Just enjoy dating. Don’t take it so damn seriously! In other words: stop imagining the next 50 years with this dude. Focus on the next 50 minutes.
Huh. This is the woman who Tweeted after one date with Harvard Harley the following:
Um … @MaryRambin? July 18th may have come a little early this year. 🙂 (!!!!!)
Can you procrastinate your destiny? Hmm.
Here is how she explains her obsession with weddings and getting married with her sudden new internal conversation, published for all the world to see. I theorize this has been brought on by being humiliated once again by some guy who fled in the face of her attempts to make him The One, and is also aimed at explaining to all past, previous and pretend suitors that SILLY!! JUST BECAUSE I AM OBSESSED WITH MY WEDDING WHEN I HAVE NO BOYFRIEND DOESN’T MEAN YOU SHOULD BE SCARED OF ME!!!:
btw, just because I love brides & wedding gowns & all things bride & wedding related, does not mean I’m in the mood to get married.

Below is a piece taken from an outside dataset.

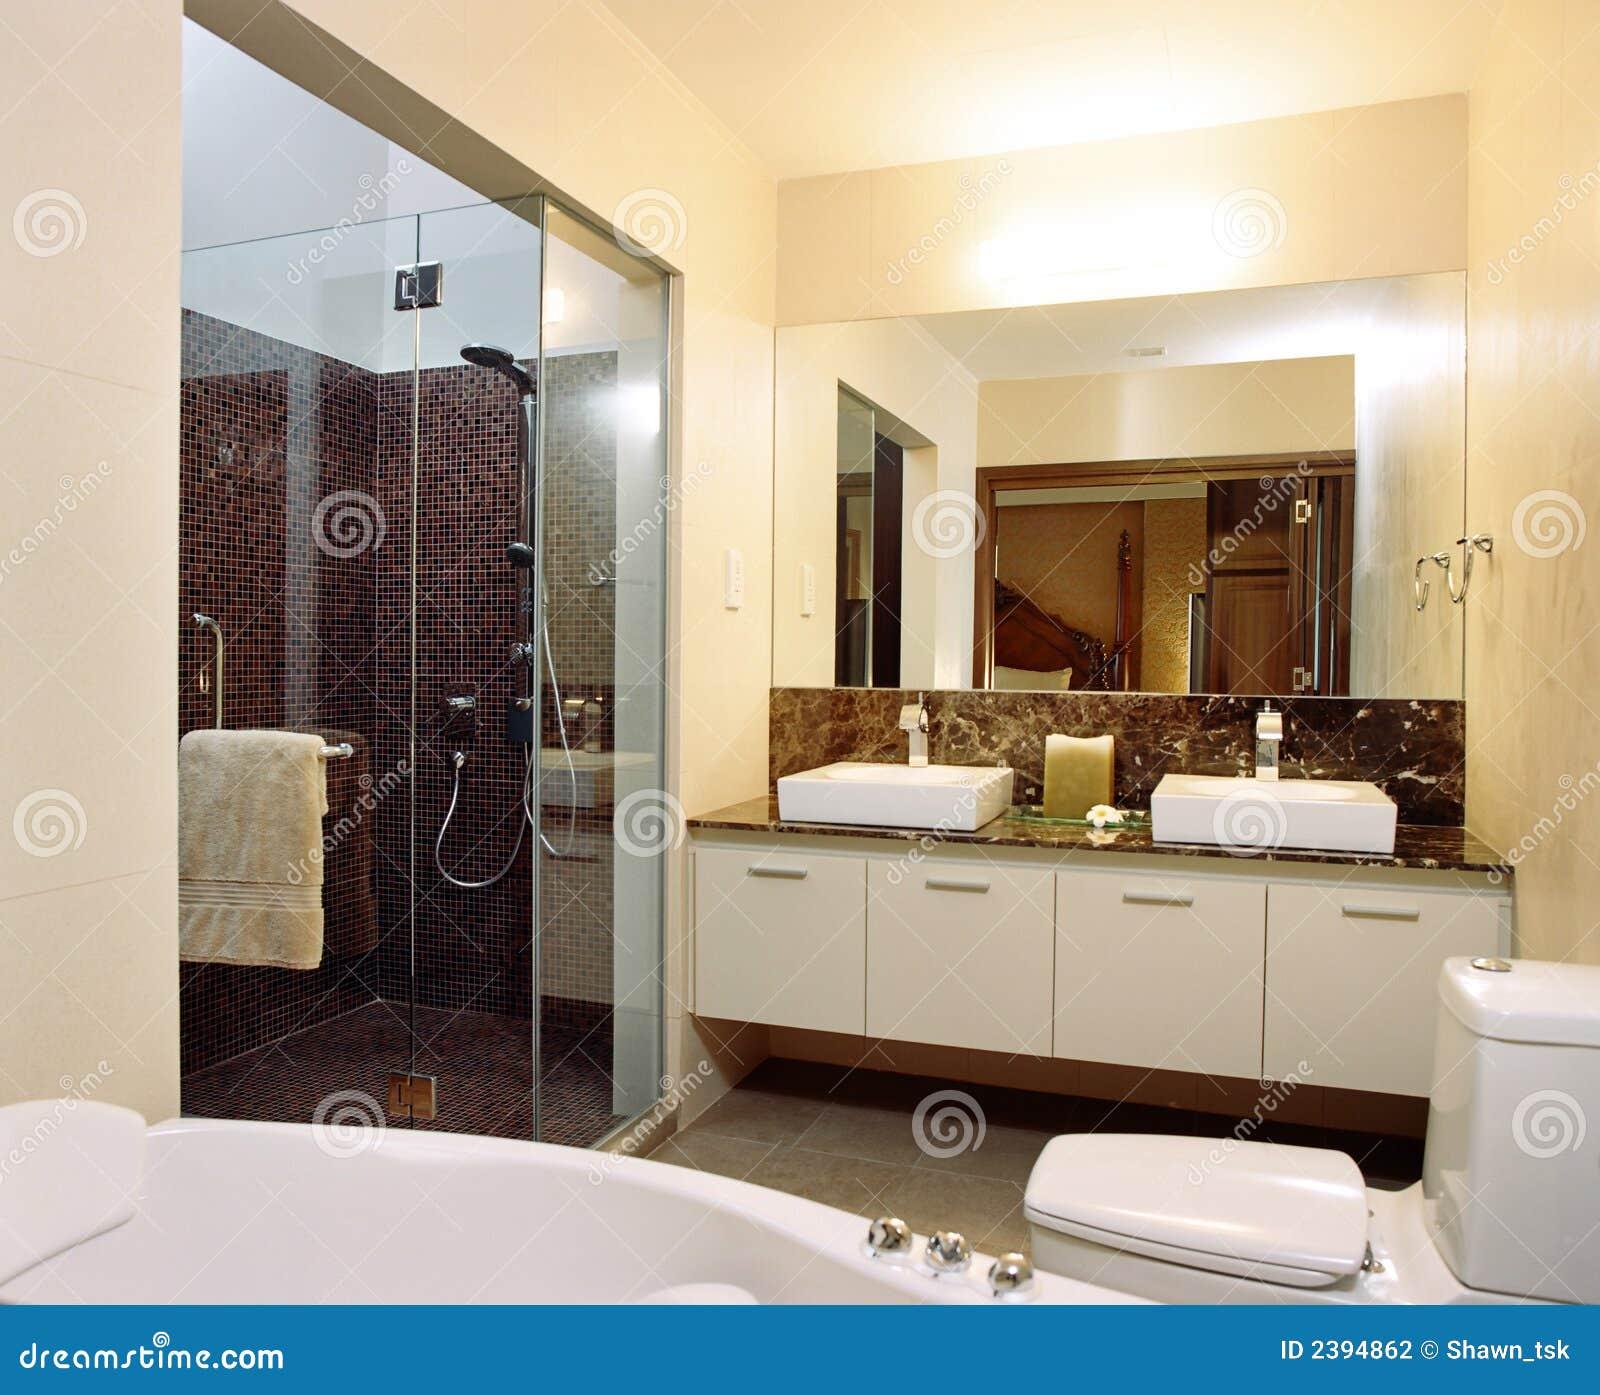 Dise o interior cuarto de ba o foto de archivo imagen Diseno de interiores recamara principal

I understand that this is a confusing – but important – distinction, so let me clarify for you:
THINGS I LOVE = GIRLY ROMANCE BIG GOWN FUN PARTY MATCHING DRESSES CHOCOLATE FOUNTAIN MEN IN TUXES
Weddings include all of these things*. Thus, I love weddings.
Now, back to our regularly scheduled programming, which is … um … bed?
*Although sometimes they forget the chocolate fountain, which is upsetting.
p.s. See the above photo? Imagine her with a wedding gown on, and Meghan’s the groom. Because you just KNOW she’s going to be the biggest bridezilla in the history of bridezillas.